However, when the binding efficiency is high (Fig 6A) the simulation curves predict different time constants for ASC depletion at different locations within the cell: slower depletion occurs at locations further away from the speck. This finding is contrary to the location-independent ASC decay rate that is observed experimentally (see Fig 4). The simulation is brought into agreement with the observational data by substantially decreasing the binding efficiency to KB = 10 %. To match the experimentally observed decay time, the diffusion coefficient is then raised to D = 80 μm2/s, which is still reasonably close to the diffusion coefficient predicted from the molecular weight (Fig. 6B). Simulation with this set of parameters yields almost homogenous ASC concentration at different locations, and the time constant of the single exponential decay is 56 seconds. Additional simulations with varying KB show that ASC becomes more homogenous as KB is further reduced, but at the cost of an increasing, but unlikely, large diffusion coefficients in order to prevent the decay time from becoming inconsistent with observations. Thus the simulations suggest that the binding of ASC to a speck is both efficient, with ~ 10% of collisions resulting in a binding event, and diffusion-limited, since even a modest decrease in the diffusion rate is predicted to cause inhomogeneities in soluble ASC distributions that are not observed.
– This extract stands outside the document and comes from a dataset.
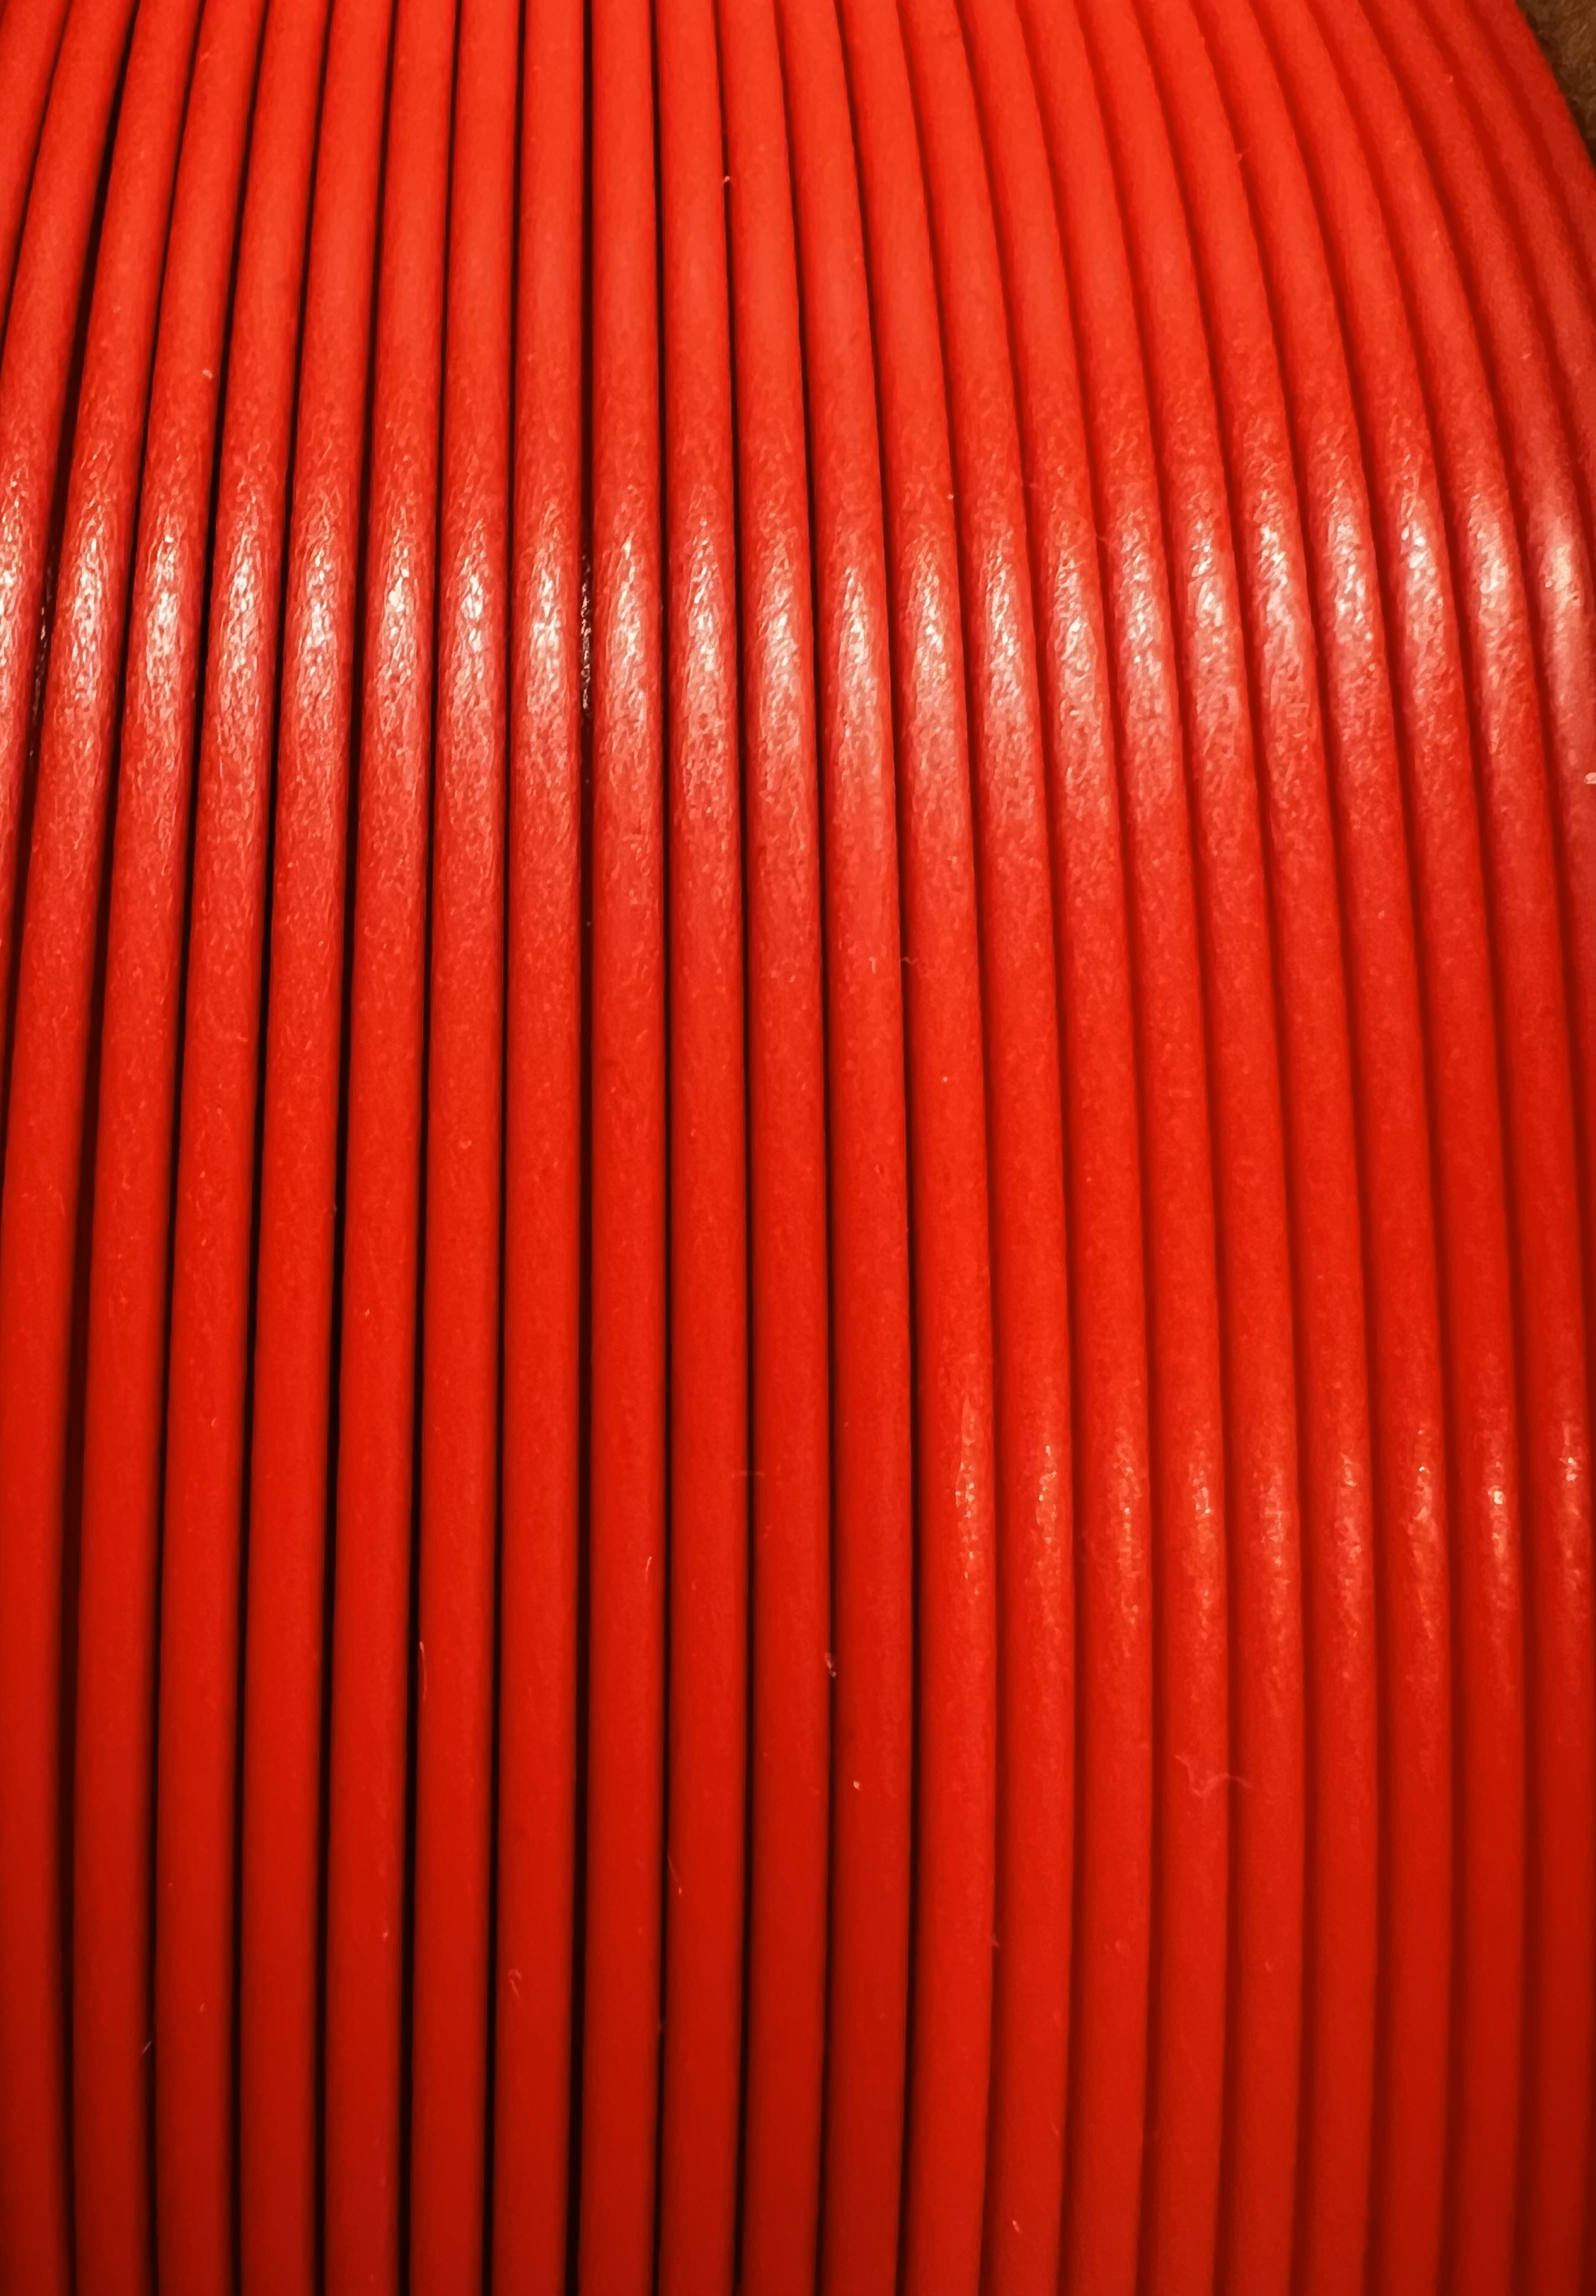 PLA filament ABAFLEX red, 1.75 ± 0.019 mm, 750g, cívka 64mm

Active transport along microtubules may be involved in some protein aggregation processes (Garcia-Mata et al., 1999). Since the majority of specks are localized near the microtubule-organizing center (MTOC), and since treatment of cells with the microtubule toxin nocodazole prevents ASC speck formation (Balci-Peynircioglu et al., 2008), motor proteins moving ASC molecules along microtubules seems an attractive possibility. Given the narrow range of parameters that can predict the kinetics of speck formation from diffusion, we considered whether active transport of ASC proteins might play a role during ASC speck formation (see supporting information for a detailed discussion). Active transport was modeled by assuming a hypothetical microtubule structure around the speck as a hub, on which motor proteins are assumed to transport ASC at a constant rate of speed. For all parameters, this model predicts that active transport results in an inhomogeneous ASC distribution during speck formation (Fig. S1 and S2), contrary to experimental observations. Therefore, we can reject this simplified active transport model, and conclude that diffusion is most likely the dominant mechanism by which ASC moves to a speck, though we cannot exclude the possibility that some active transport is involved.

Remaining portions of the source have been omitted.